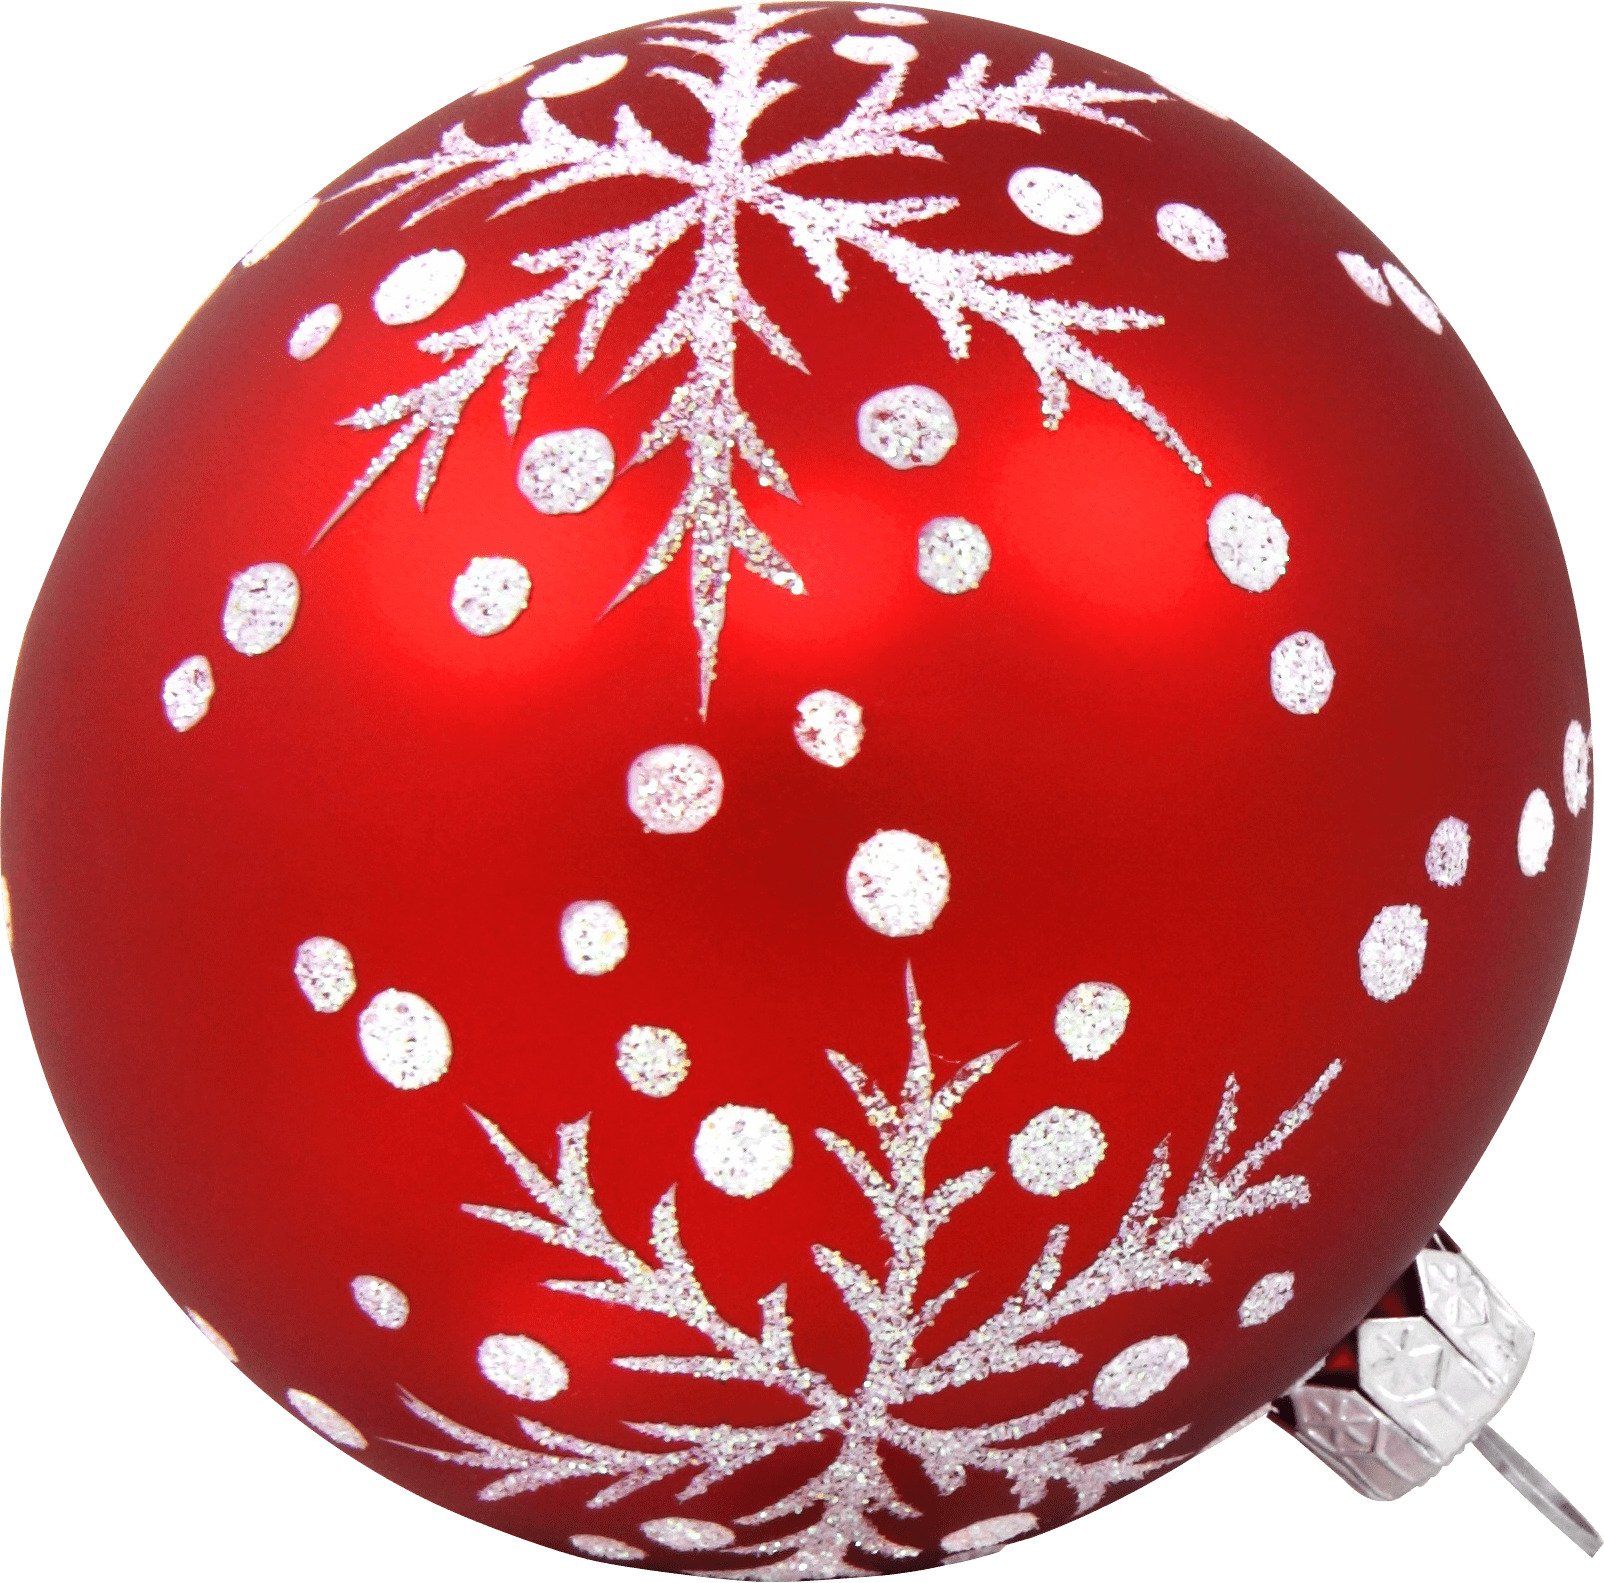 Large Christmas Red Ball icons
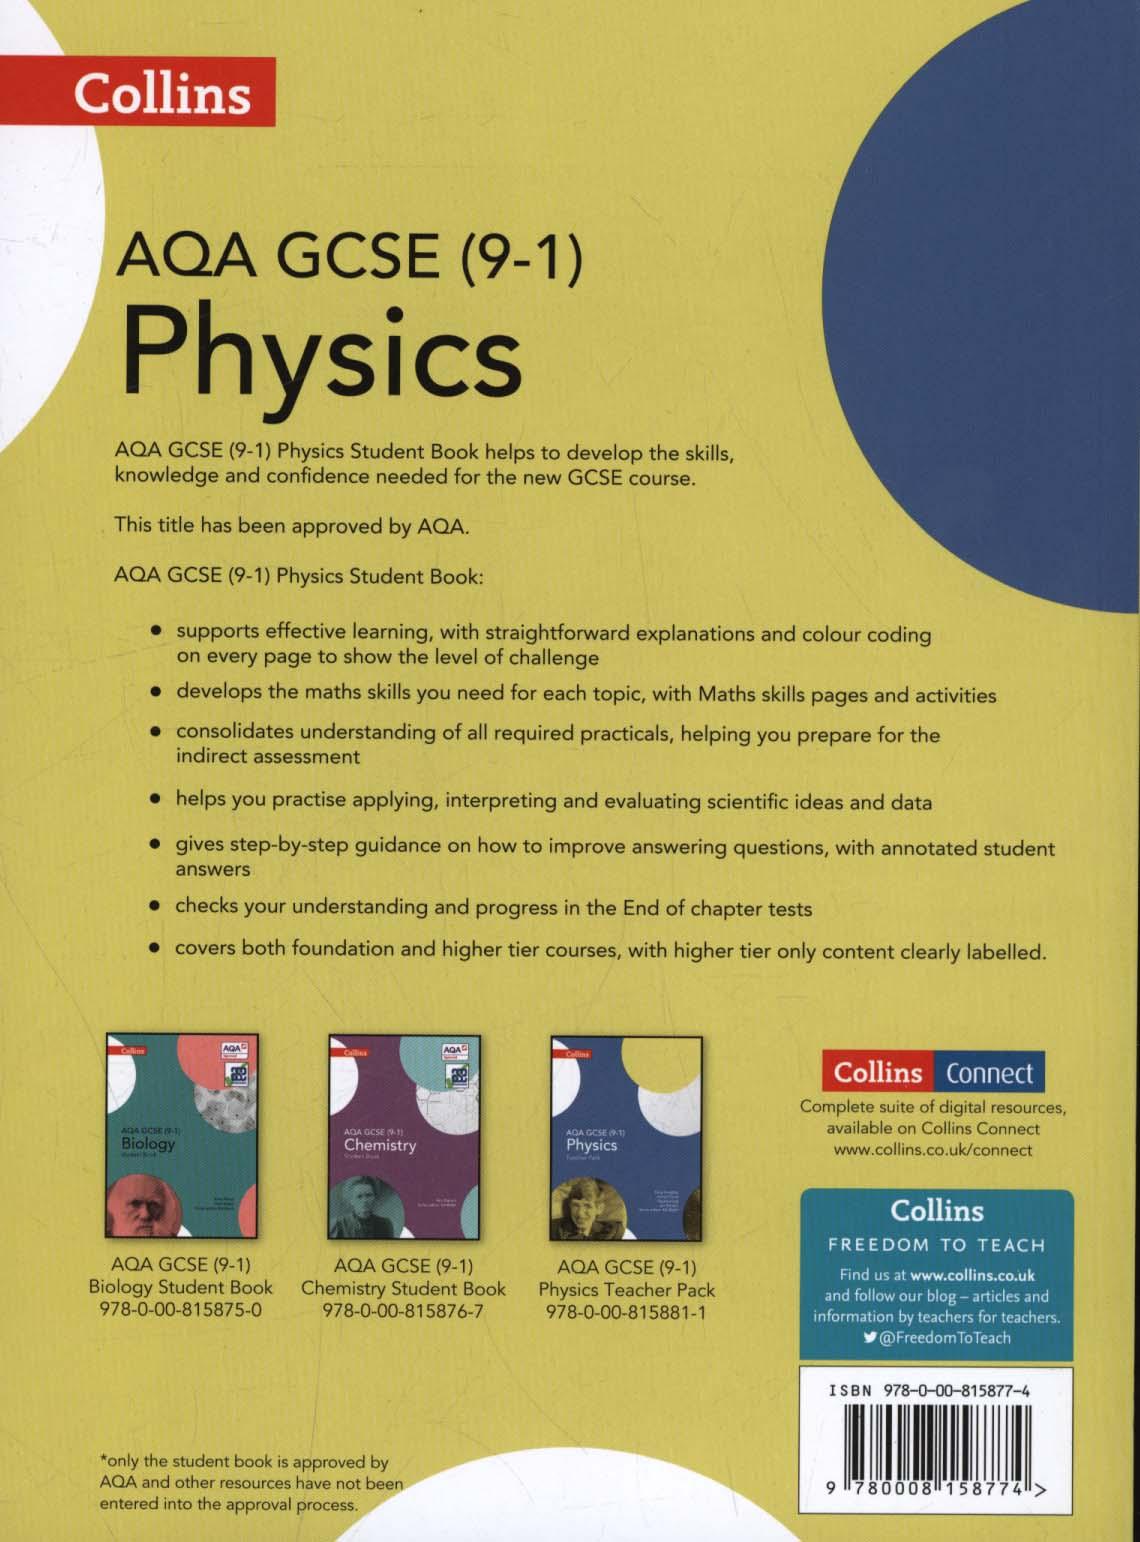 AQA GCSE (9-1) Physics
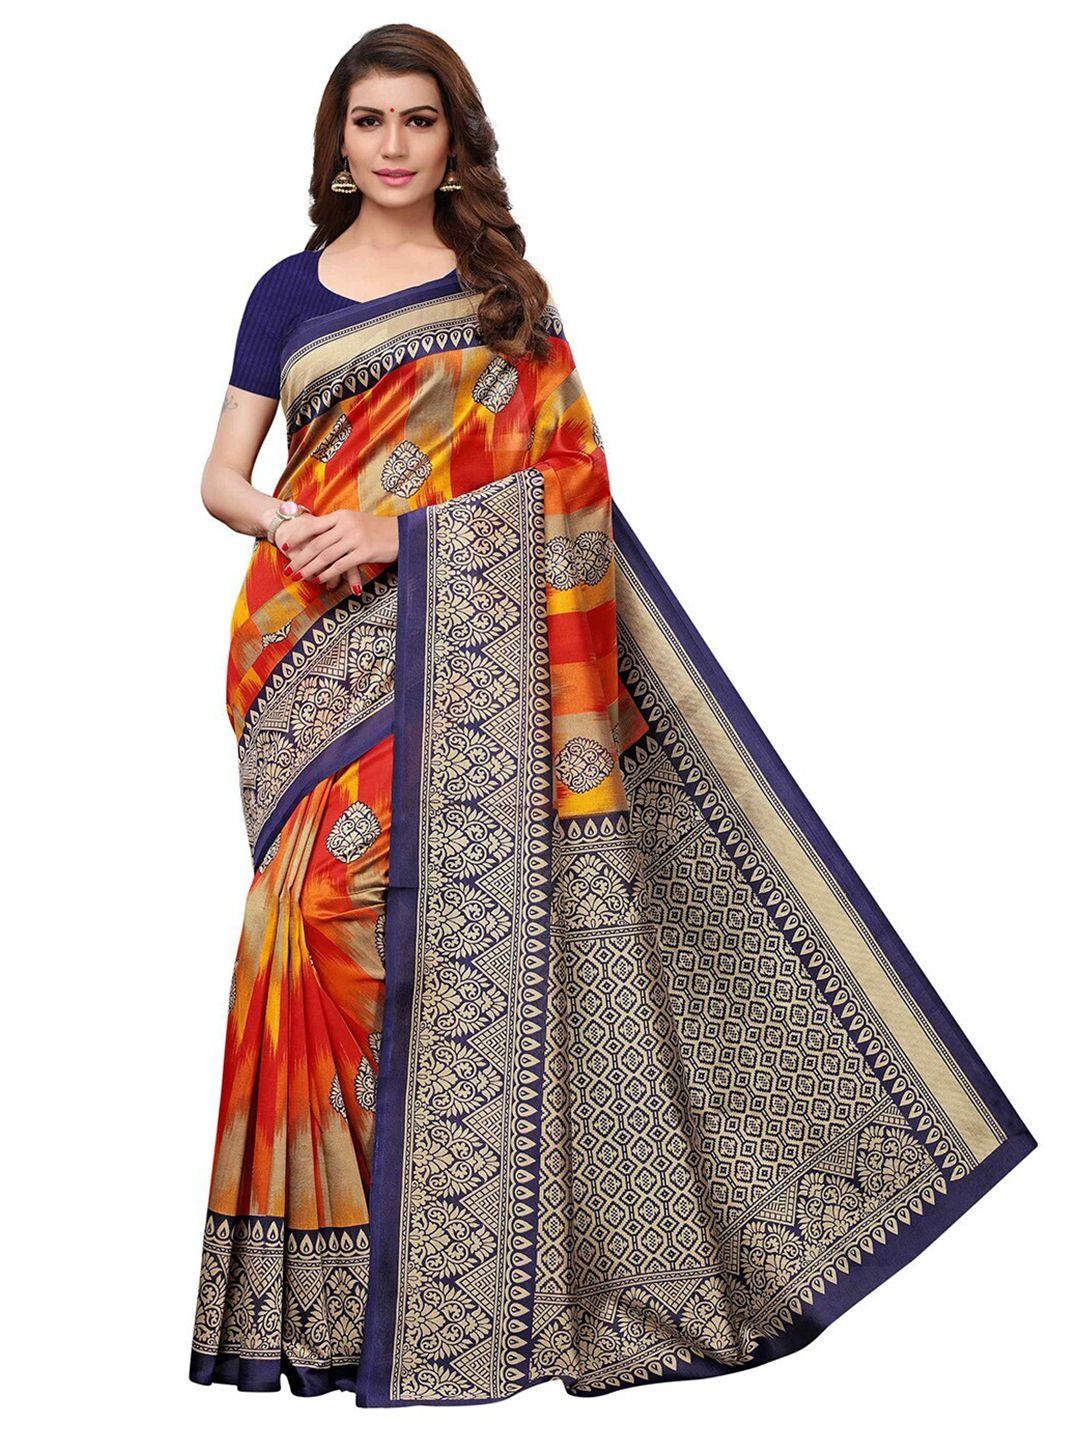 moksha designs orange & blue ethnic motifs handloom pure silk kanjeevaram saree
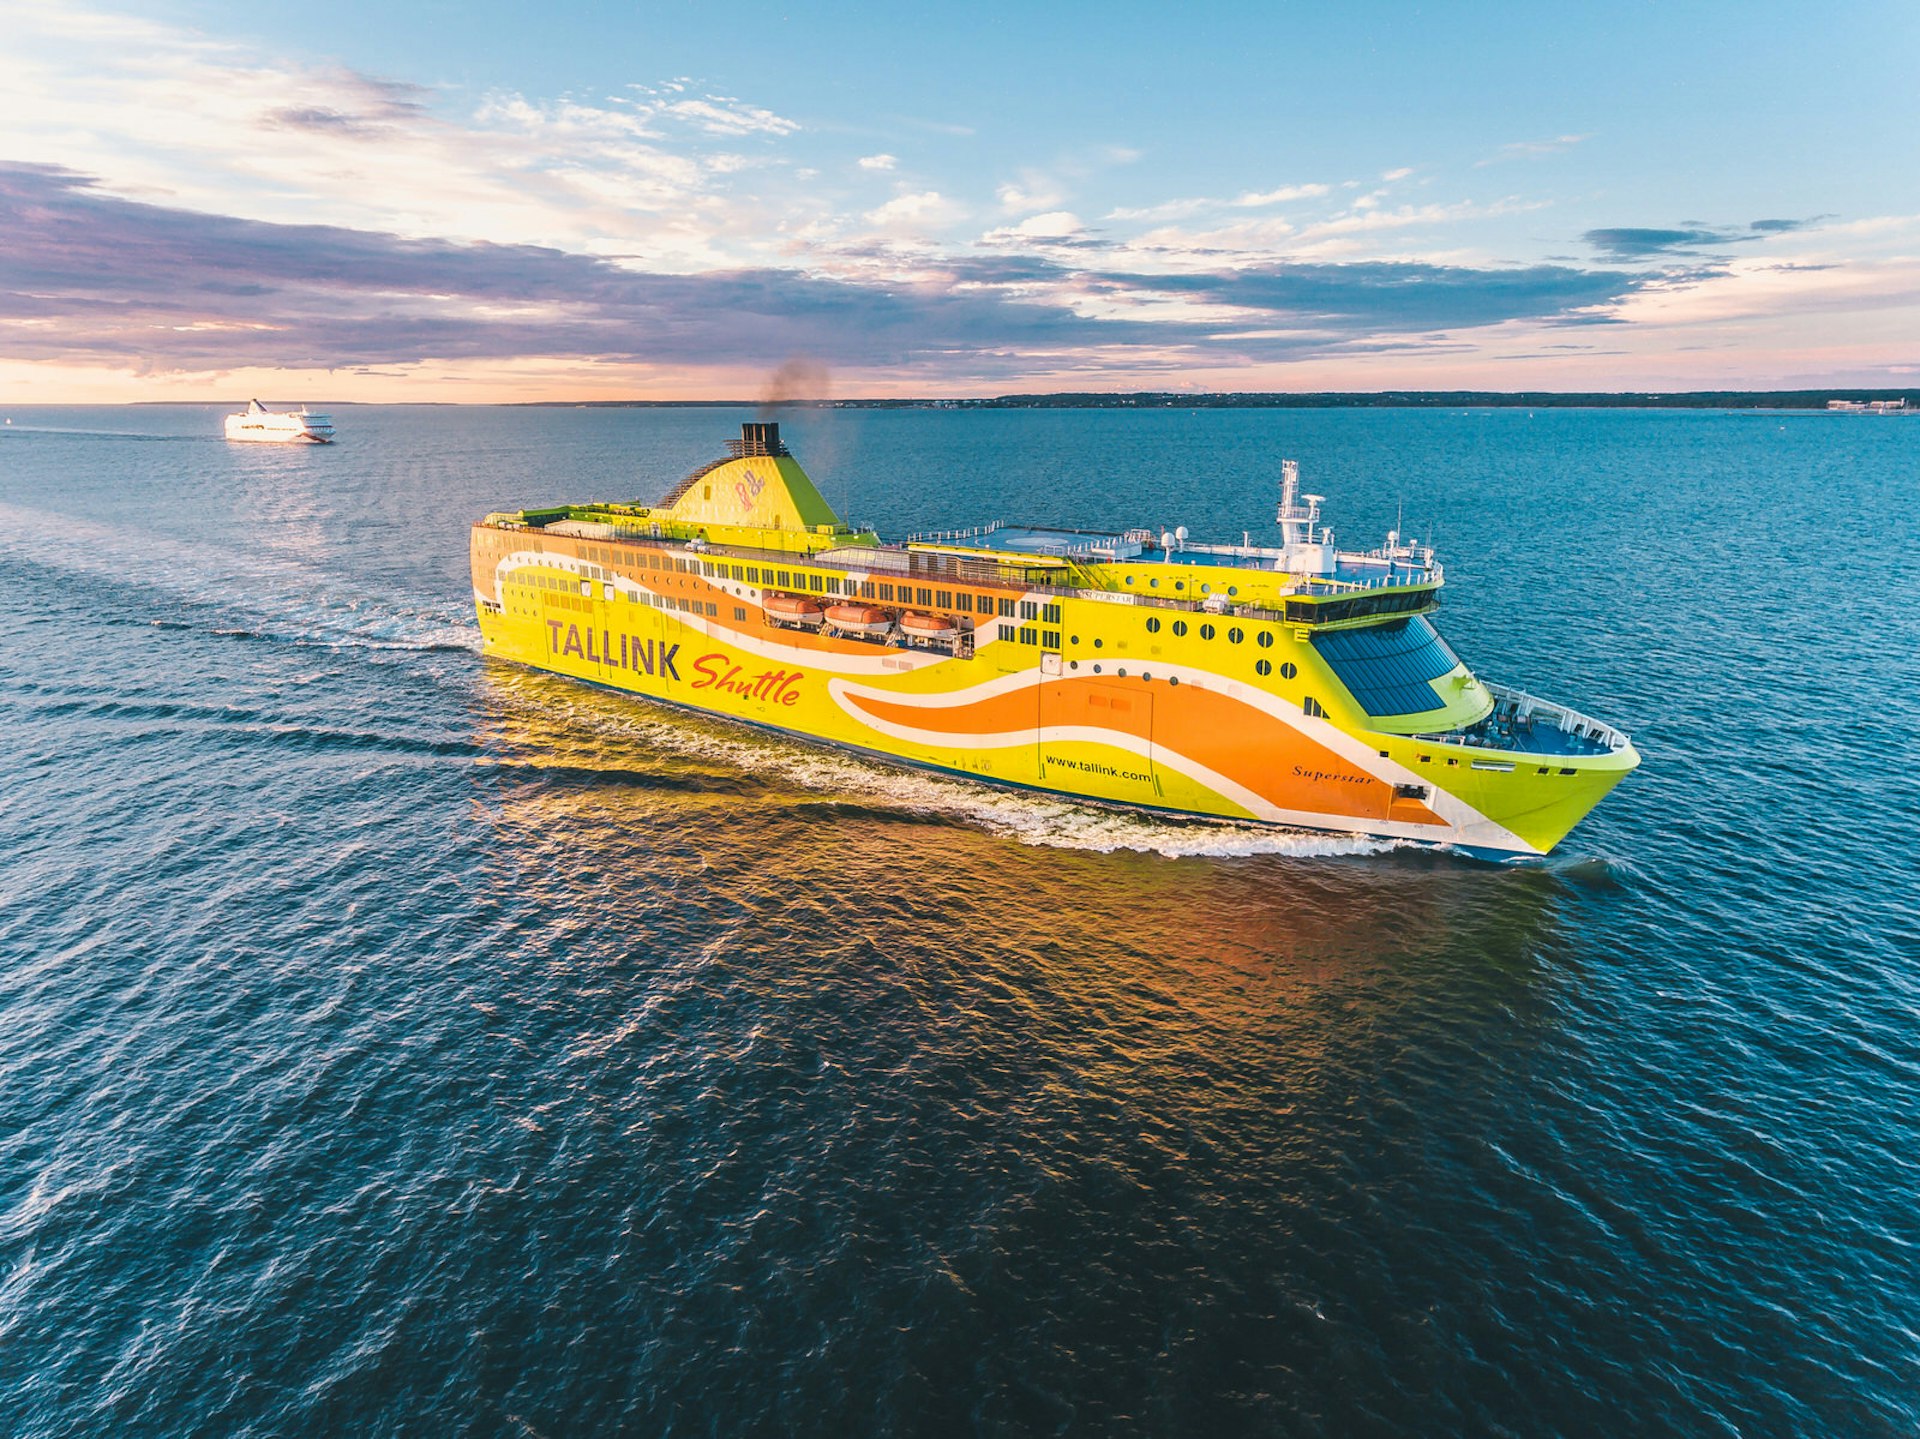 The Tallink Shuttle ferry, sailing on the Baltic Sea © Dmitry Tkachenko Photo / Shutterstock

--

EXERCISE DESCRIPTION: Retype exactly, please, the span from the line holding "moksha designs orange" through the closing line of the data, both ends included, without the pictures.

YOUR SOLUTION:
 moksha designs orange & blue ethnic motifs handloom pure silk kanjeevaram saree
 The Tallink Shuttle ferry, sailing on the Baltic Sea © Dmitry Tkachenko Photo / Shutterstock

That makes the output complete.